The Islamic State has claimed responsibility for bombing on Thursday outside Kabul’s Hamid Karzai International Airport, according to media reports.

Reports from Reuters suggested that the responsibility for attack was claimed by the Islamist group on its Amaq News Agency’s Telegram channel.

The news comes as reports of at least a dozen United States military officials being killed in the explosions surface. The incident, which has also claimed multiple civilian lives, has so far killed nearly 60 people and injured 150, according to reports from BBC.

The statement on the Telegram channel, “A suicide bomber from the Islamist militant group “managed to reach a large gathering of translators and collaborators with the American army at ‘Baran Camp’ near Kabul Airport and detonated his explosive belt among them, killing about 60 people and wounding more than 100 others, including Taliban fighters.”

Earlier on Thursday, officials from the United States said that they “definitely believed” that the Islamic State was behind the attack.
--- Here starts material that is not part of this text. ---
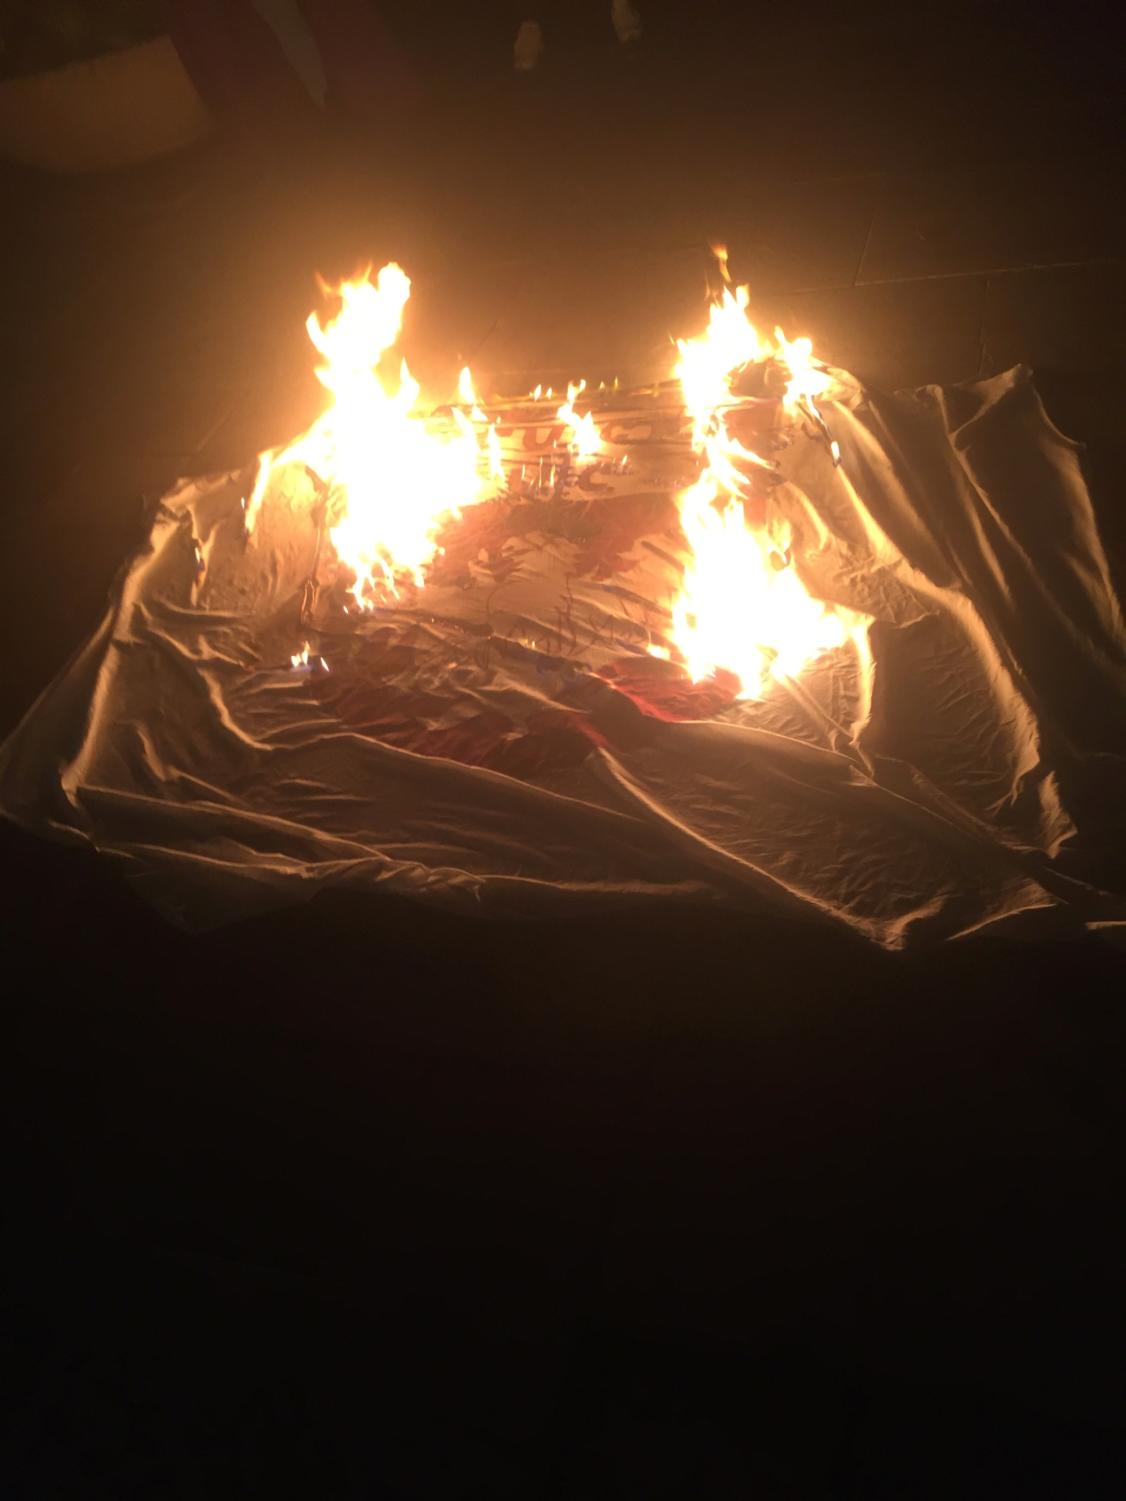 #CareNotCops burned a banner with a UChicago crest on it as part of their Halloween night rally.
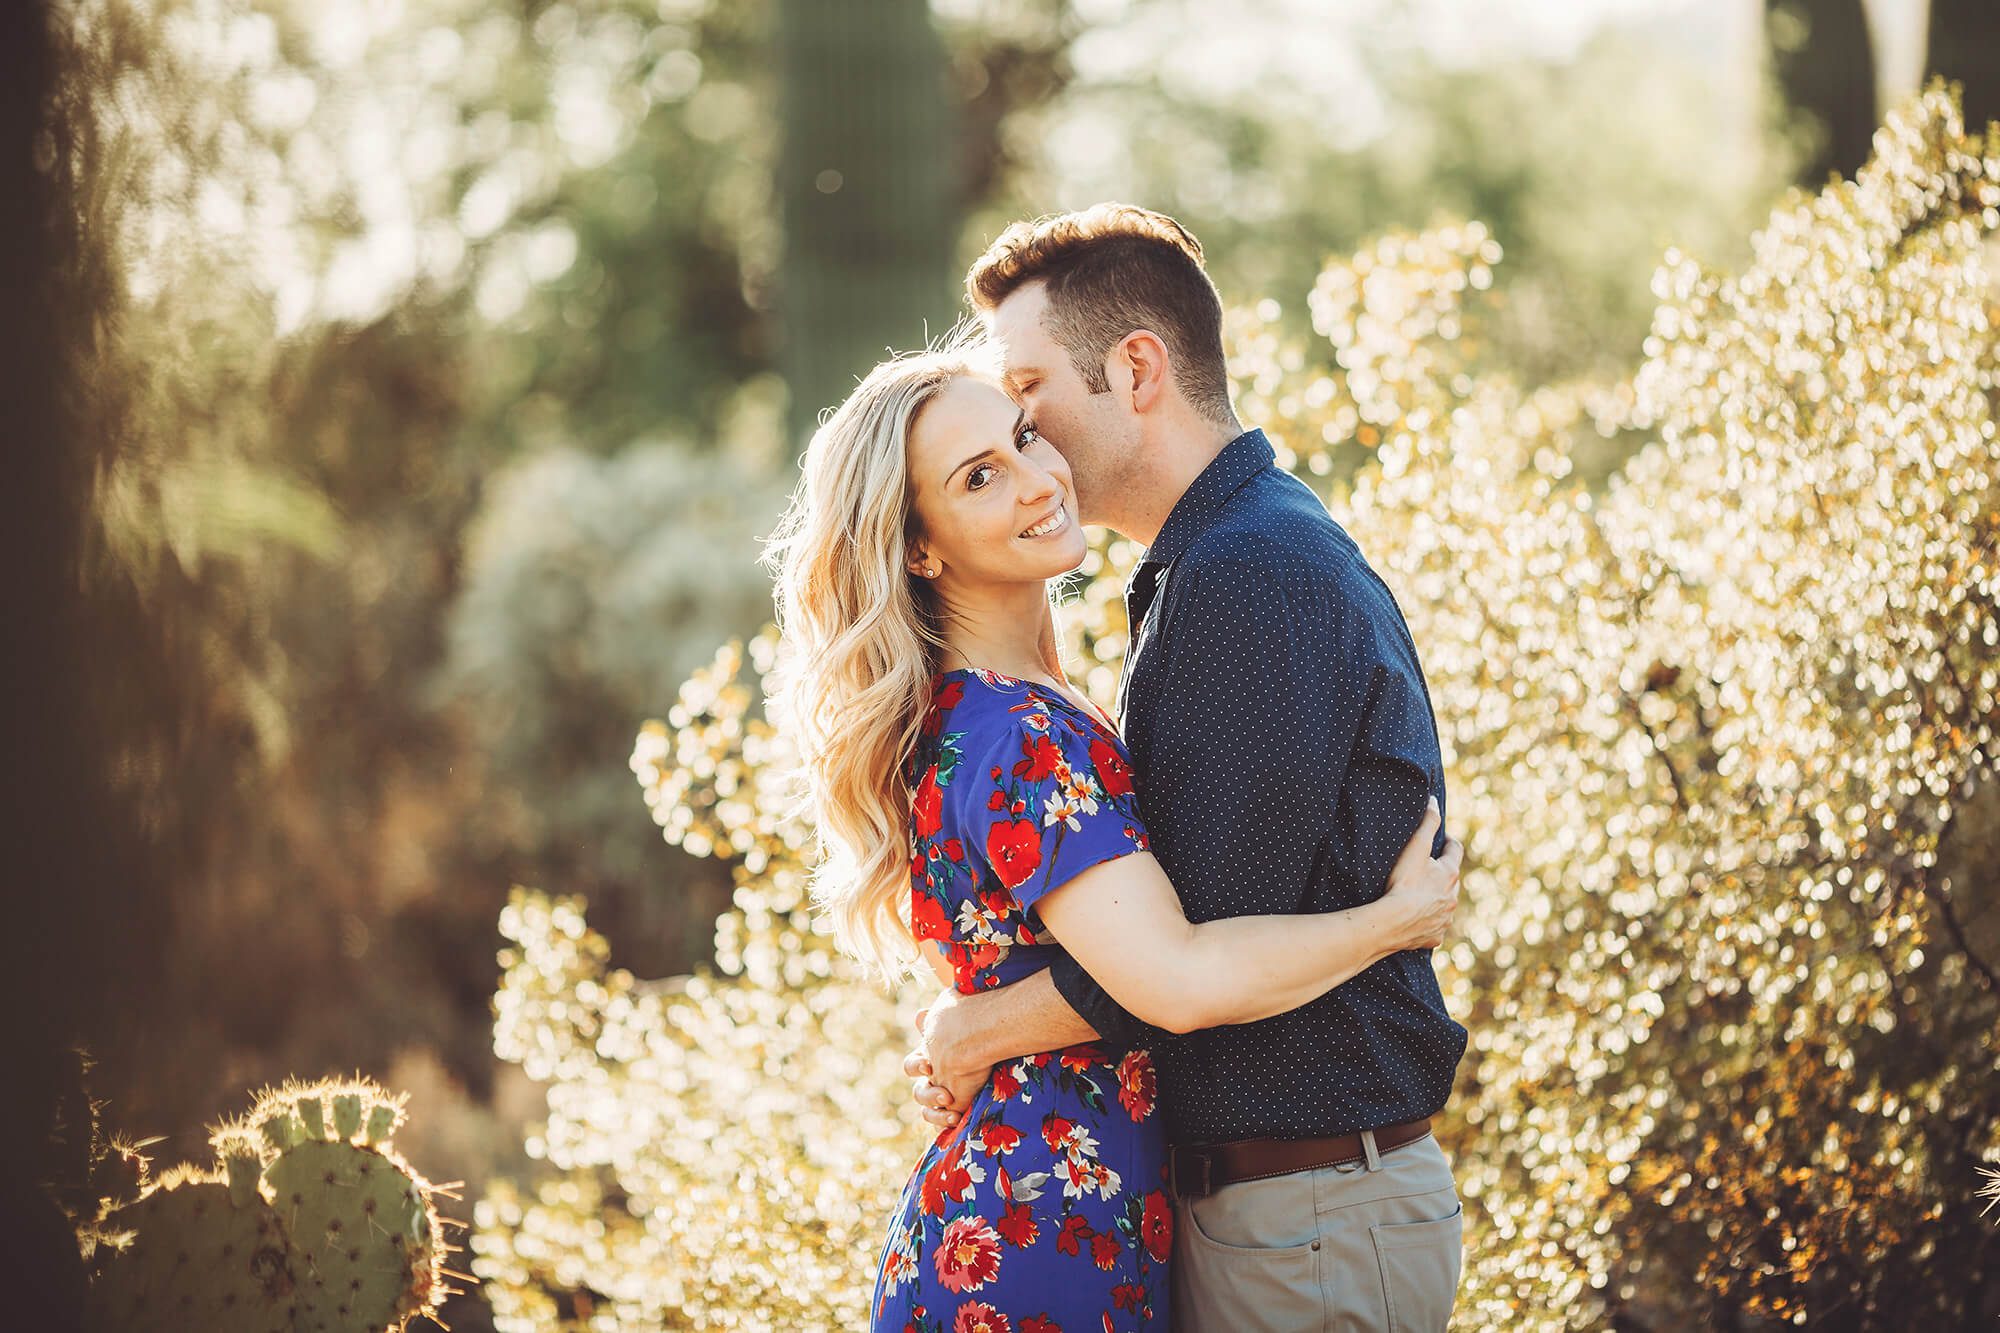 A loving kiss by Shaun on Ally's cheek during their Sabino Canyon engagement session

The death of the 12 service members on Thursday marks the first fatalities faced by the United States in Afghanistan since February last year.

The temporary halt in the killings has been majorly attributed to a deal signed between the Taliban and administration of former US President Donald Trump that included a vow from the Taliban forces to not attack the country’s troops, according to reports from the Washington Post.

What is Islamic State-Khorasan?

Soon after the Islamic State, known as ISIS or ISIS, declared a caliphate in Iraq and Syria in 2014, breakaway fighters from the Pakistan Taliban joined the militants in Afghanistan to form a regional chapter. The group pledged allegiance to Islamic State leader Abu Bakr al-Baghdadi. 

The Islamic State-Khorasan was formally recognised by the Islamic State leadership in 2015 after it established control over northeastern Afghanistan, especially in Kunar, Nangarhar and Nuristan provinces. The group also managed to establish sleeper cells in other parts of Afghanistan and Pakistan, say United Nations monitors.